> Problem to solve
Leave every picture out, then reproduce the rest of the listing exactly.

> Material provided
• • • • •
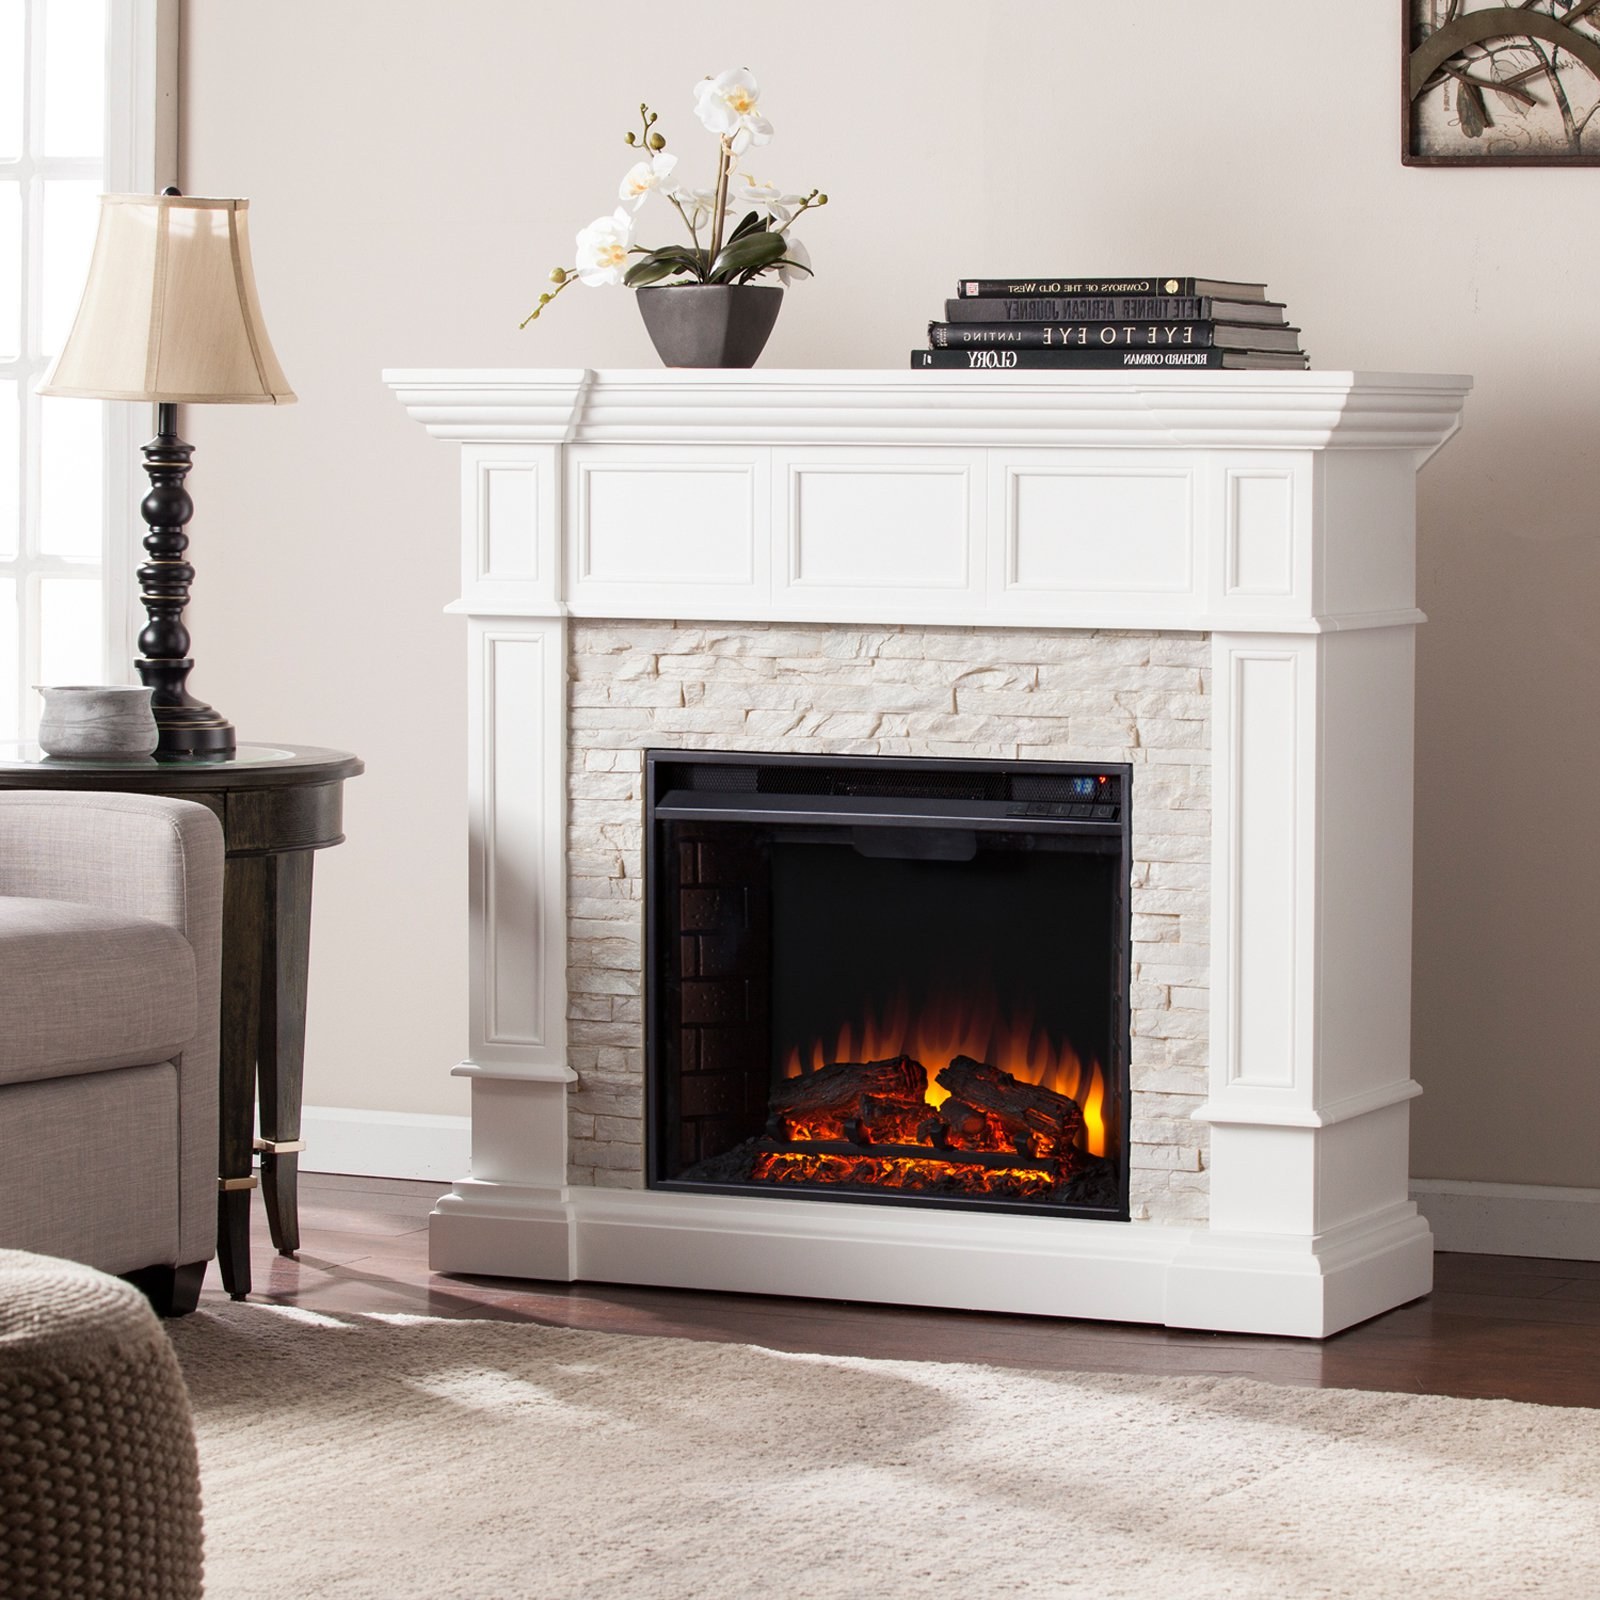 Southern Enterprises Merrimack Electric Fireplace
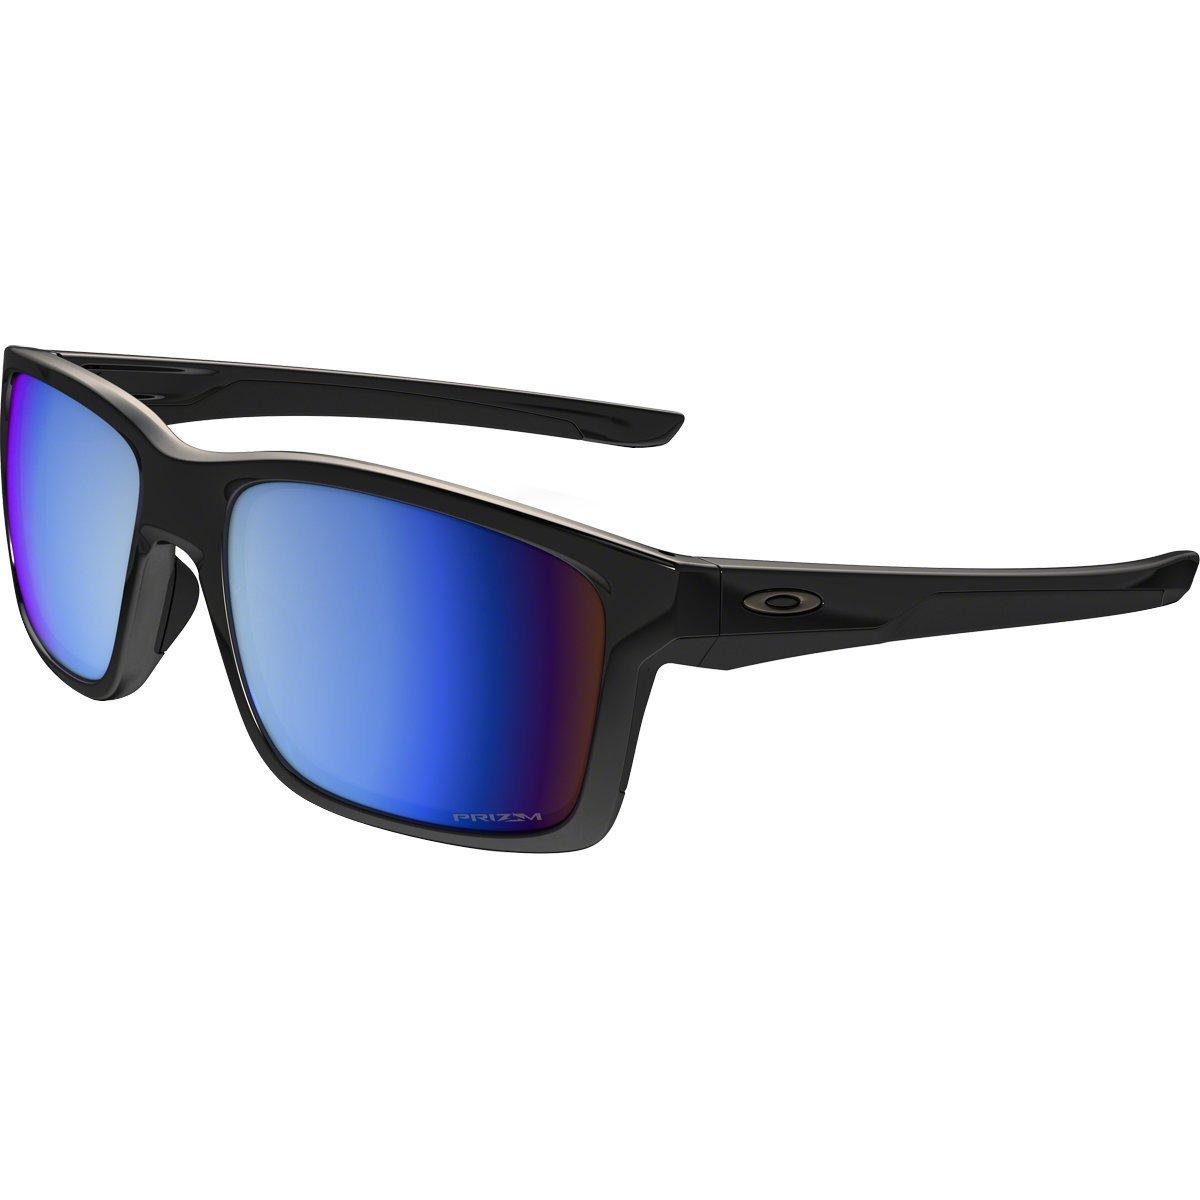 Oakley Mainlink, Gafas de sol, Rectangulares, Polarizadas, 57, Negro y azul
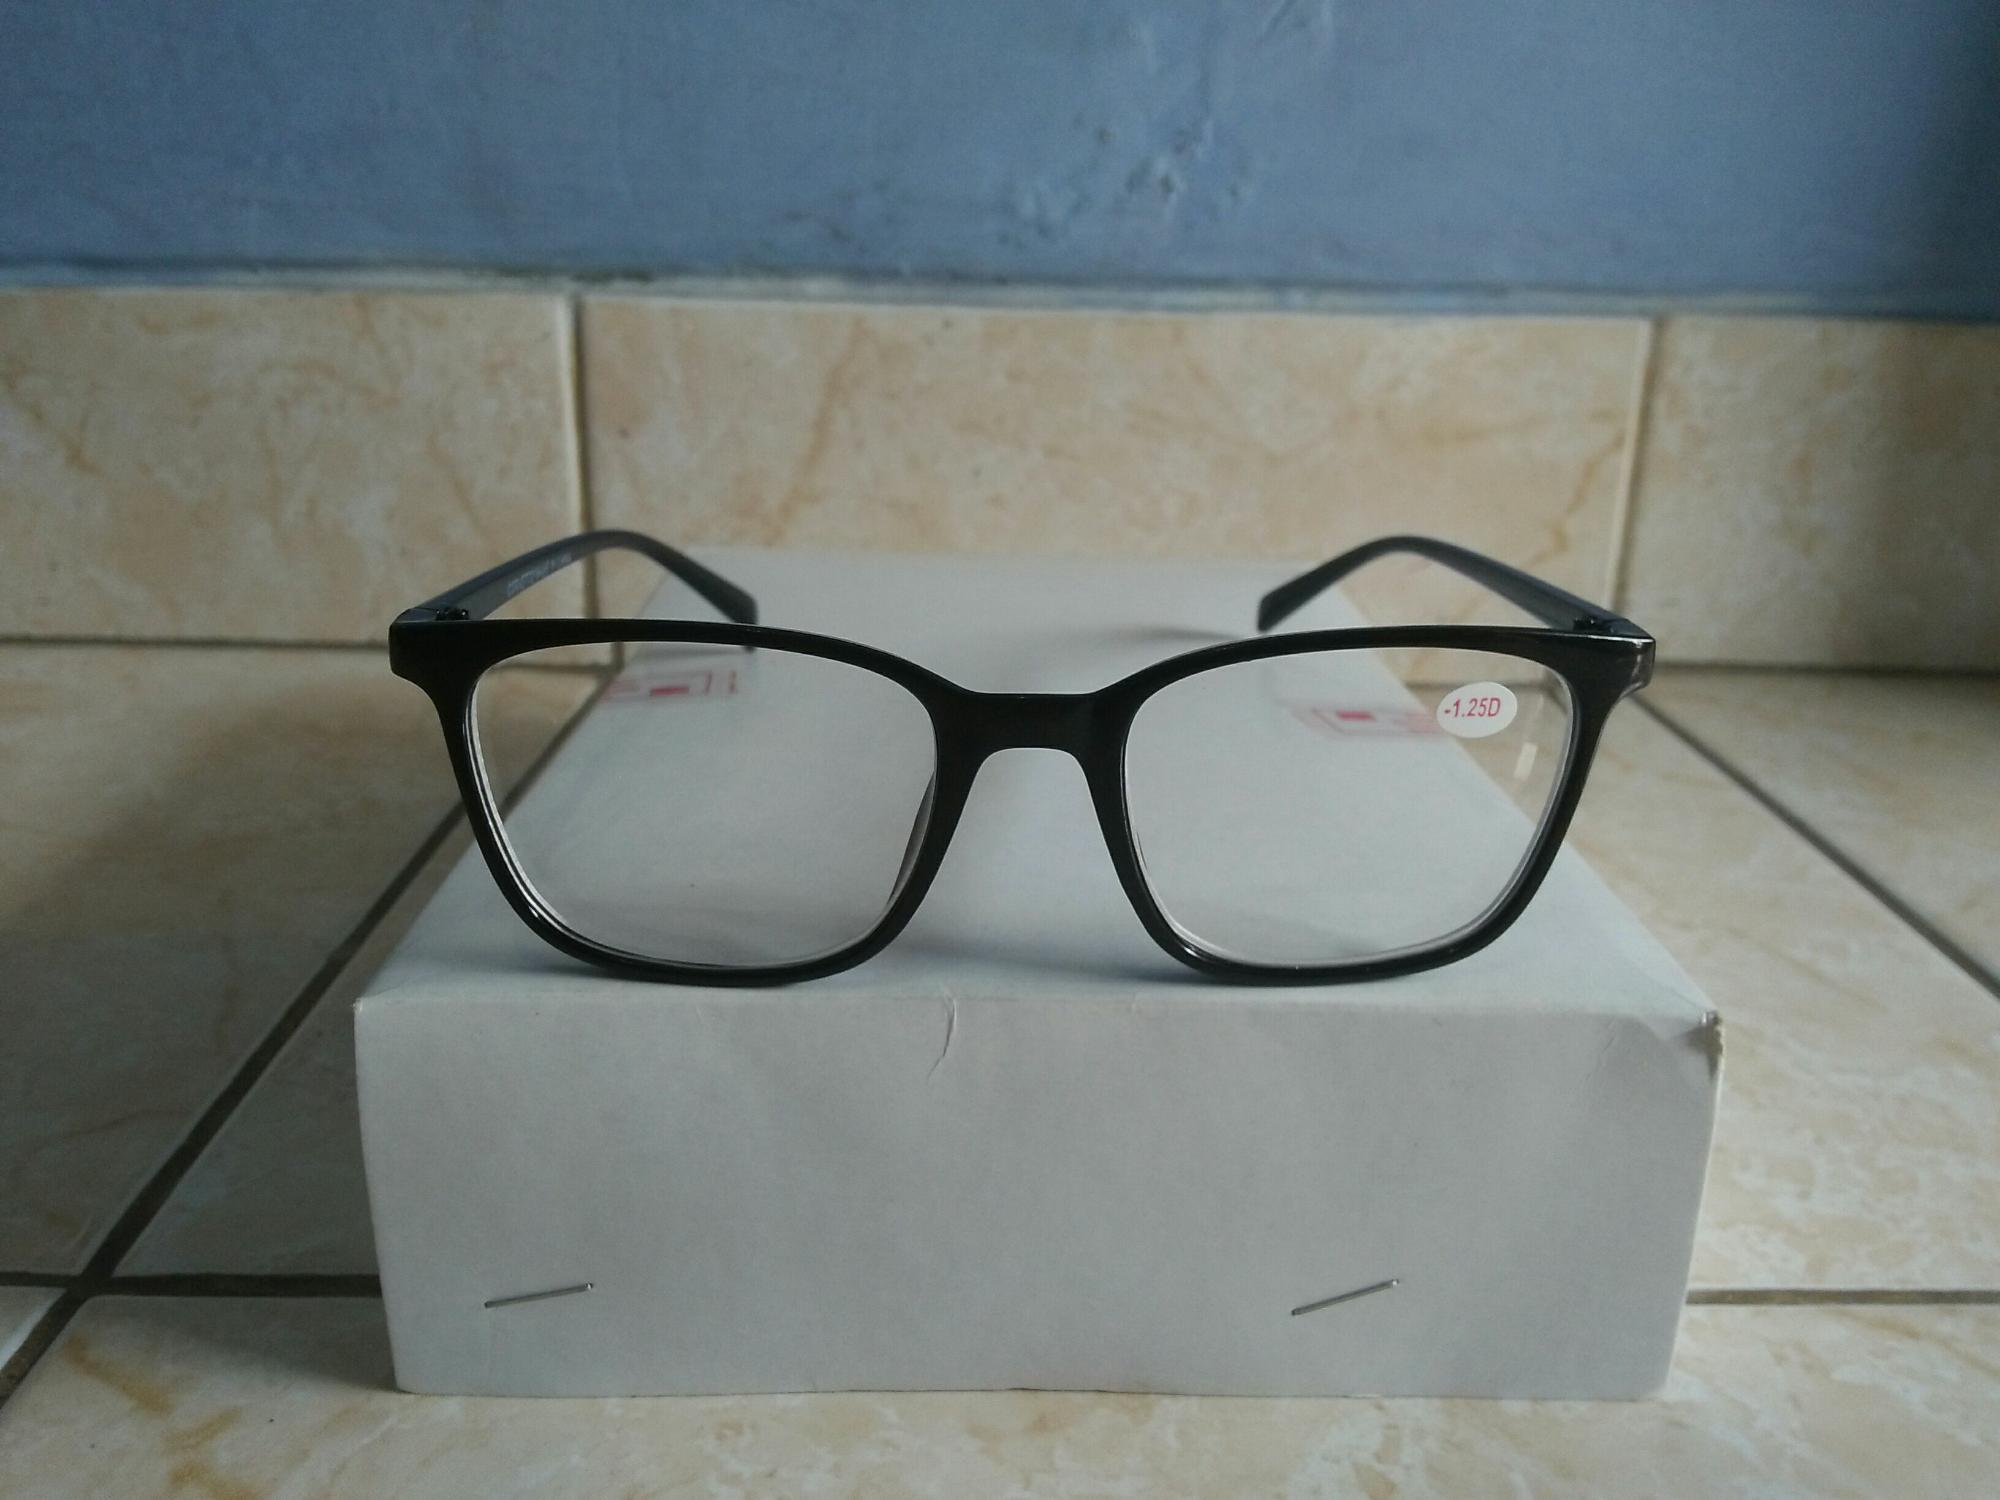 Promo kacamata minus 1.50 kacamata baca persegi hitam trendy dan gaya korea  AI624 e66e240aa0
• • • • •
> Written reply
 Southern Enterprises Merrimack Electric Fireplace
 Oakley Mainlink, Gafas de sol, Rectangulares, Polarizadas, 57, Negro y azul
 Promo kacamata minus 1.50 kacamata baca persegi hitam trendy dan gaya korea  AI624 e66e240aa0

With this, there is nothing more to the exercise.